Studio album by Daysend
- Released: 3 November 2003
- Recorded: August 2003
- Genre: Melodic metalcore, melodic death metal
- Length: 46:30
- Label: Chatterbox Records
- Producer: Nik Tropiano, DW Norton

Daysend chronology
|  | Severance (2003) | The Warning (2007) |

= Severance (album) =

Severance is the debut album by Australian melodic death metal band Daysend.

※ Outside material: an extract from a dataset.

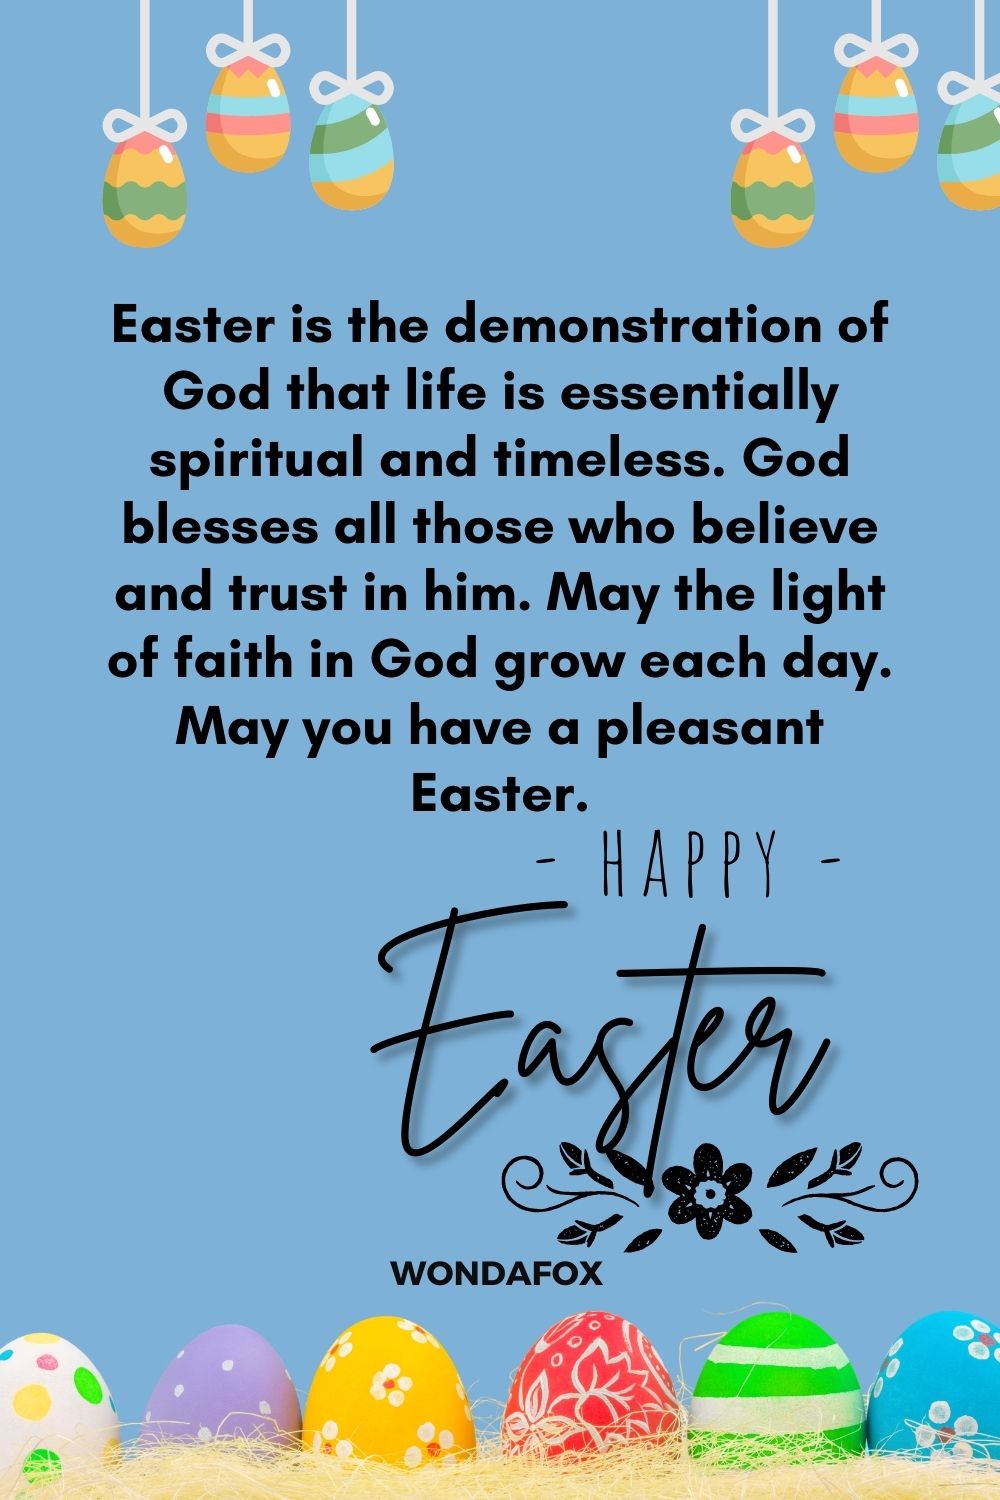 Easter is the demonstration of God that life is essentially spiritual and timeless. God blesses all those who believe and trust in him. May the light of faith in God grow each day. May you have a pleasant Easter.

It was released by Chatterbox Records in Australia on 3 November 2003 and in the United States by Metal Blade and Europe by Locomotive Records in November 2004. The song "Beggars With Knives" was included on the Faultline Records compilation album Metal for the Brain 2005 in 2005. Severance took ten days to record and was produced by DW Norton and Nik Tropiano.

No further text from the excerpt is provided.